In the last two years, South African runner Caster Semenya hasn’t shown the 800m form that made her famous, when she took gold at the 2009 World Championships and silver at the 2011 Worlds and 2012 Olympics, and led to a gender-test controversy.

Semenya, 24, hasn’t registered an 800m time yet this year and ranked No. 139 in the world last year, clocking 2:02.66 for 10th place at a meet in Rome on June 5 (she won the 2009 World title in 1:55.45).

In 2013, she failed to qualify for the World Championships and has also dealt with injury and a coaching change since the London 2012 Games.

Still, Semenya is determined to reach her dreams, to become an Olympic champion and world-record holder, she told the BBC. She was asked if she was scared to win at the Olympics, a claim some made believing she didn’t want the added attention toward the gender-testing controversy.

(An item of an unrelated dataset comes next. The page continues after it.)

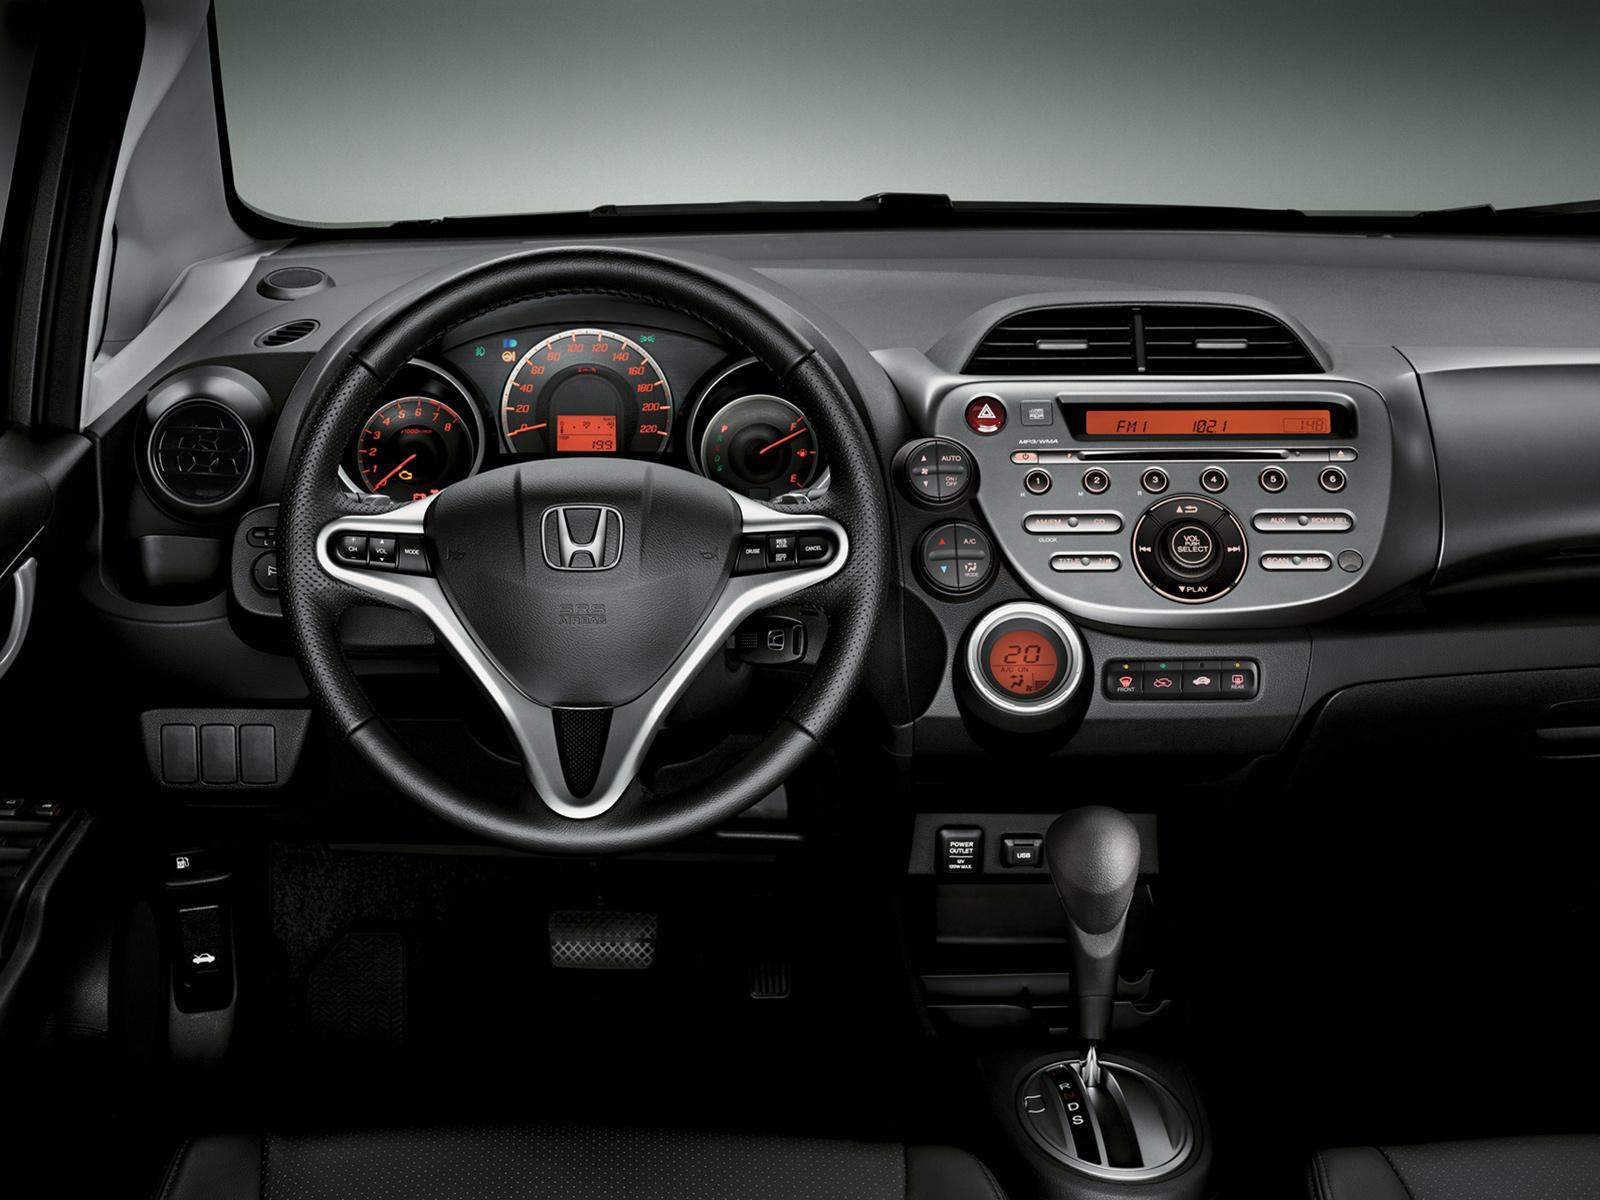 Sal n de bogot 2012 honda fit edici n especial se for Honda fit 2017 precio
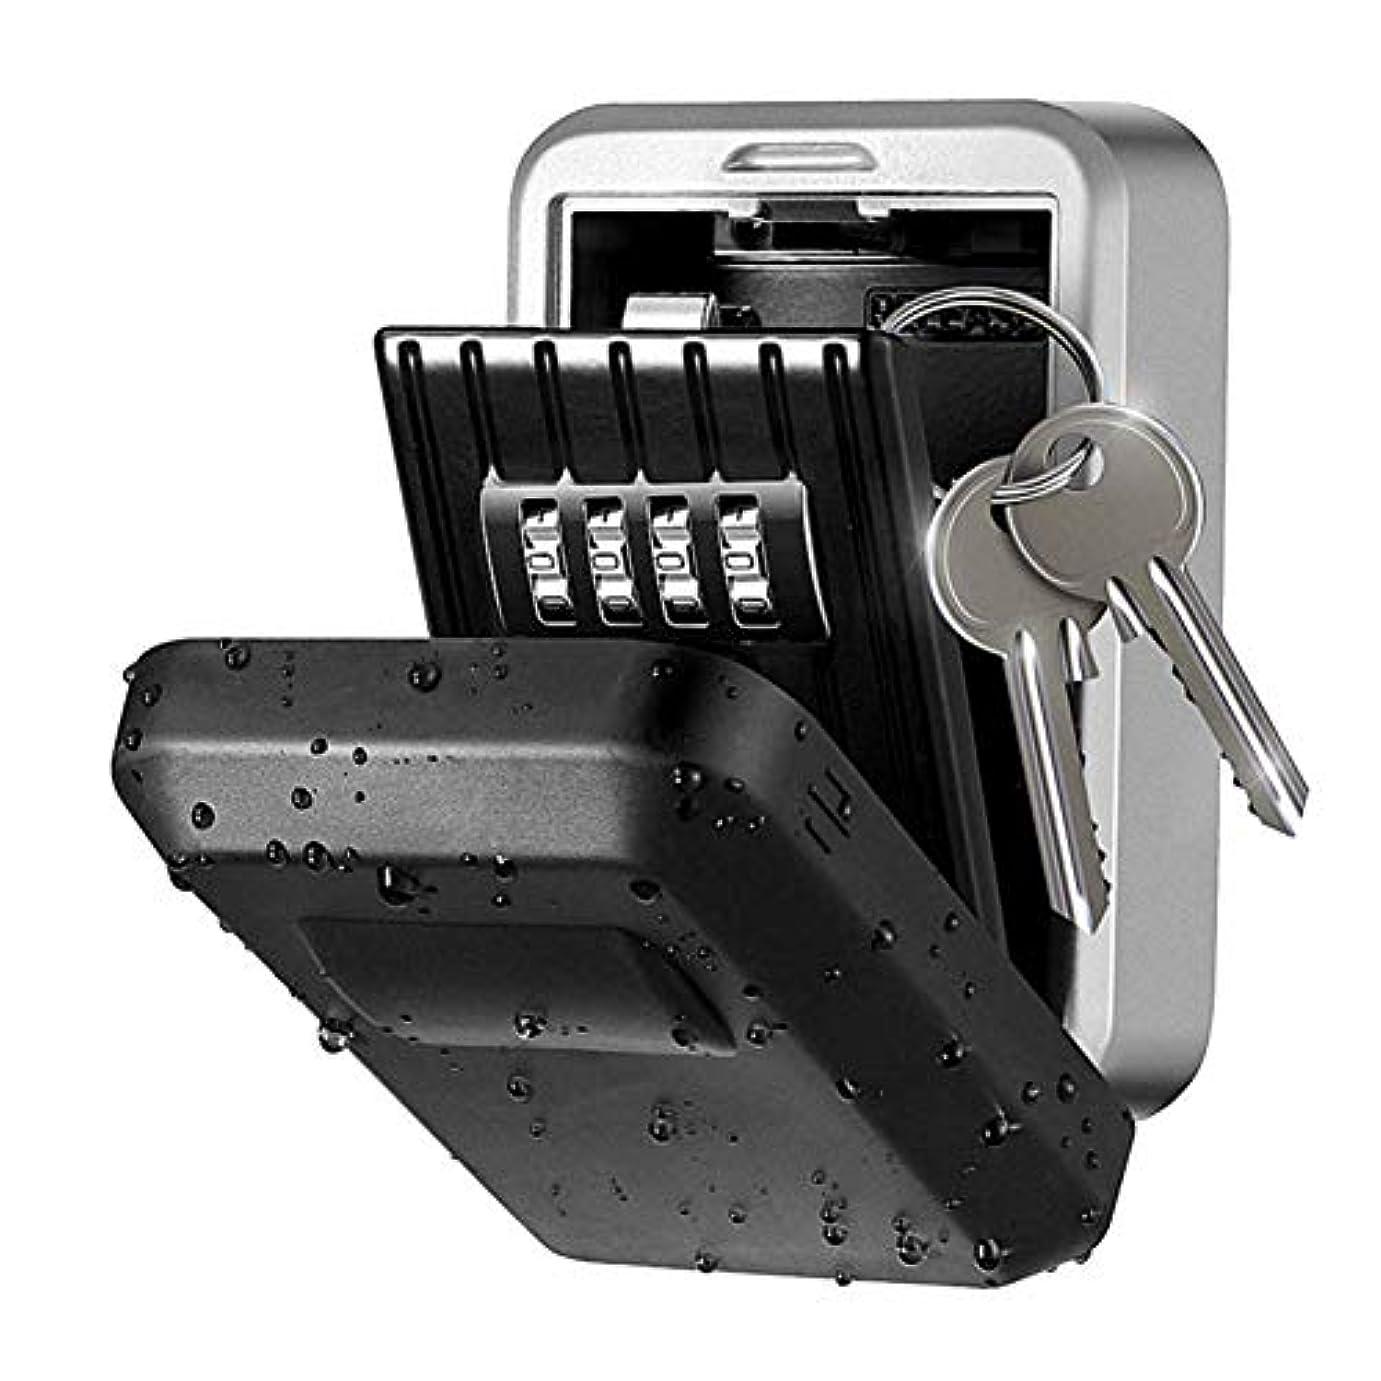 安息大破予定キーストレージボックス、ZOZOEウォールマウントキーロックボックス-強力、金属、屋外4桁の組み合わせウォールマウントキー屋内および屋外のホームオフィスでキーを安全に共有するための安全なセキュリティストレージボックス

“How can you be scared?” Semenya said. “You want to be a winner. I’m a dreamer. What I dream of is to be Olympic champion, World champion, world-record holder, so I can’t stop running because of people. If you have a problem with it, you have to come straight to me, tell me. I cannot stop because people saying, ‘She looks like a man,’ this and that. It’s their own problem; not mine.”

Semenya reflected on her breakthrough at the 2009 World Championships in Berlin, which sparked the gender-testing controversy.

“It was good memories,” she said of taking gold. “Unfortunately, we had to go this controversial story, which wasn’t really good for me. For publicity, to become a World champion, you never celebrated. ... Probably, if it wasn’t for my family, I don’t think I could have survived it.”

Her new coach, Jean Verster, told the BBC the runner could compete in multiple more Olympics.

“I don’t think we must put so much pressure on her, that it’s all or nothing this year,” Verster said. “She’s still relatively young.”